Sadece eğitimiyle ve işiyle değil, sosyal açıdan da, evliliğiyle de üst sınıfa ait Norma-Jean katil Marco’yu neden hayata bağlamak için bunca fedakârlığı göze alır? Hapishanenin ziyaret salonunda başlayan roman, anlatıyı kuran kişilerin hayatlarının hapishanesinde cevabı okura aratacaktır. Empoli kasabasıyla ve Solliciano tutukevi arasında Norma-Jean fiziksel ve ruhsal çözülmesini, erimesini, kayboluşunu yaşayadursun (kadın kahraman tam bir yok oluşa doğru kararlılıkla yol almaktadır), Miss Sarajevo’nun Joaquim’i bir türlü üstesinden gelemediği, gözünün önünden silinmeyen bir intiharın hapishanesinde savaş fotoğrafçılığıyla ayakta kalmaya çalışacaktır. İngrid Thobois’nın kişilerini olmanın (presence) ve yok olmanın sınırında derin bir boşluk içinde düşünmeliyiz.

İngrid Thobois

Miss Sarajevo Veya Kendinden Kaçan Bir Adam

Kendinden kaçan adam kırklı yaşlarında, savaş fotoğrafçılığı yaparak dünyayı dolaşan, iyi bir ailenin oğlu Joaquim’dir. Kız kardeşi Viviane’ın ergenlik anoreksisiyle başlayan kendini yok etme süreci intiharla son bulduğunda aile için de geriye dönüşü olmayan ve adı konmamış bir cehennem hayatı başlar. Anne giderek içine kapanır ve Alzheimer’la son bulacak güç bir döneme girer; baba cerrahlığını sürdürmekle birlikte, anne ölene kadar ona bakar. Oğul zaten okumak üzere aileden uzaklaşmışken kız kardeşin bu kadar trajik bir şekilde terk ettiği evden iyice kopar. Paris’te bir fotoğrafçılık okuluna başlar ve “yeni” bir hayat kurmayı ister (s.21).

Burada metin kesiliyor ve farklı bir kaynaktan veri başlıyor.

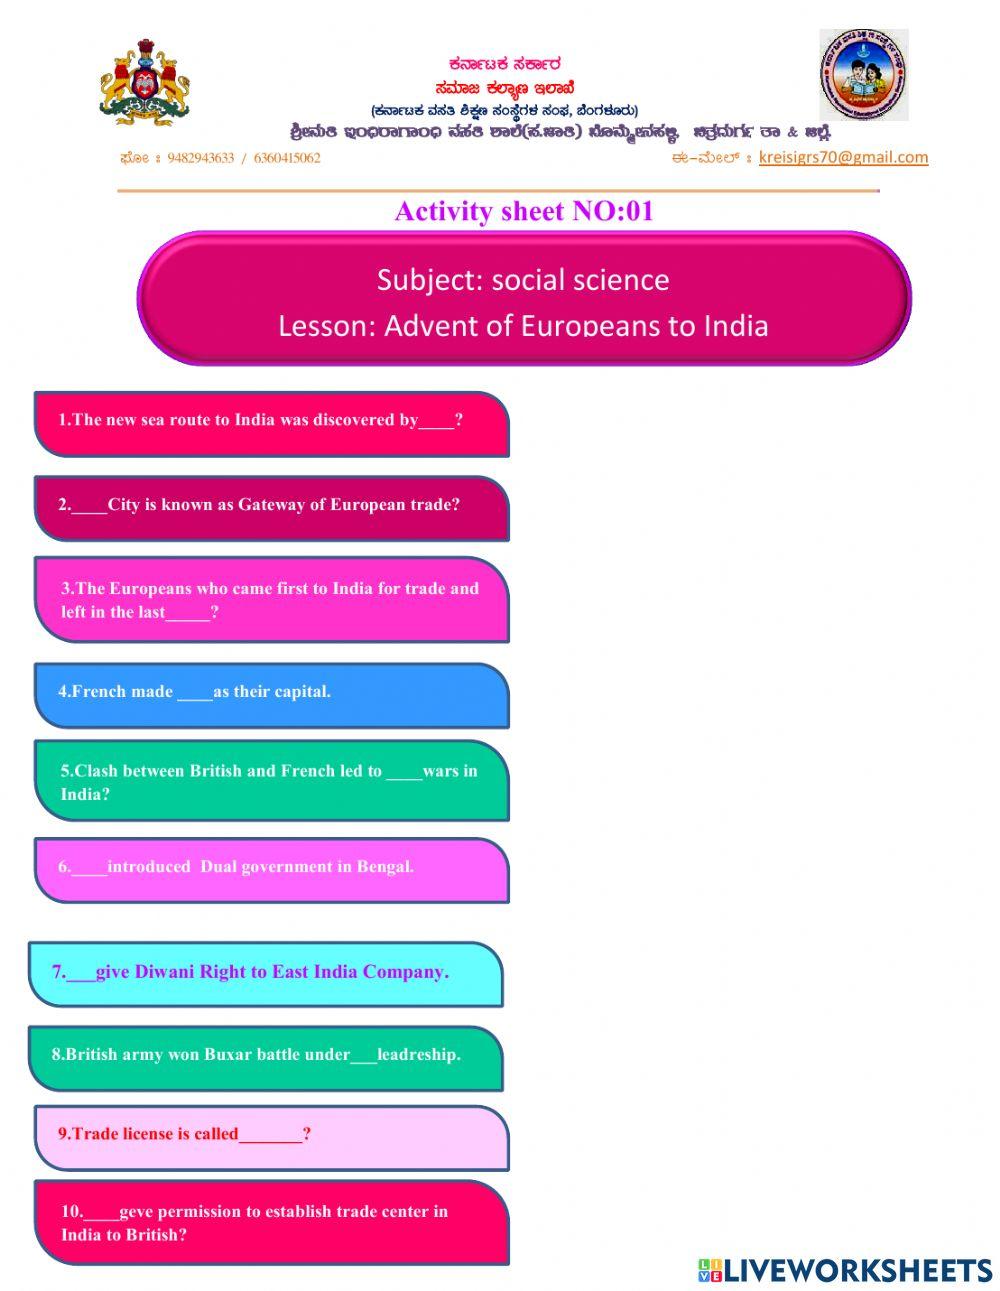 Advent of Europeans to India-ACTIVITY 1.1

Roman Joaquim’in kırk dört yaşına geldiğinde, babasının miras bıraktığı (kardeşin ve annenin öldüğü) Rouen’daki evi teslim almak ve diğer işlemler (cenaze) için noteri görmek üzere karanlık hatıraların yıllarca kapalı kalmış olduğu eve doğru yola çıkmasıyla başlar. Aradan yirmi yıldan fazla bir zaman geçmiştir buraya gitmeyeli: “Tren de hiç değişmemiş, tek değişiklik vagonlarda sigara içmenin yasaklanması” (s.39).

Oysa ne çok şey değişmiştir Joaquim’in hayatında: Örneğin altmış yedi yaşında ölen babasıyla arası tam bir kopuşa gitmiştir. Yaşadıkları korkunç kaybın karşısında ilk adımın cerrah babadan gelmesini boşuna beklemiştir (s.40). Arada annenin cenazesi dışında hemen hiç görüşmemişlerdir. Sonuçta Joaquim aile evine bir noterin yönlendirmesiyle gidecek, iç sıkıntısıyla başlayan yolculuğu olabildiğince mekanik bir biçimde tamamlamak isteyecektir. Ama geçmişin görüntüleri, düşünceleri ve yüzleşilmemiş imgeleri onu rahat bırakmayacaktır.

Kız kardeşin büyük bir soğukkanlılıkla on altı yaşında kendini balkondan bırakması döne döne ağabeyin gözünde silinmez bir görüntüye ve zihninde çözülmez bir saplantıya dönüşmüştür, kulağında ise geçmeyen bir çınlama bırakmıştır (s.18). Joaquim 22 yaşında Viviane on altı yaşındandır. Başının ağrısıyla iç içe geçen bu uğuldamayı bastırmanın en iyi yolunu savaş muhabirliğinde bulur.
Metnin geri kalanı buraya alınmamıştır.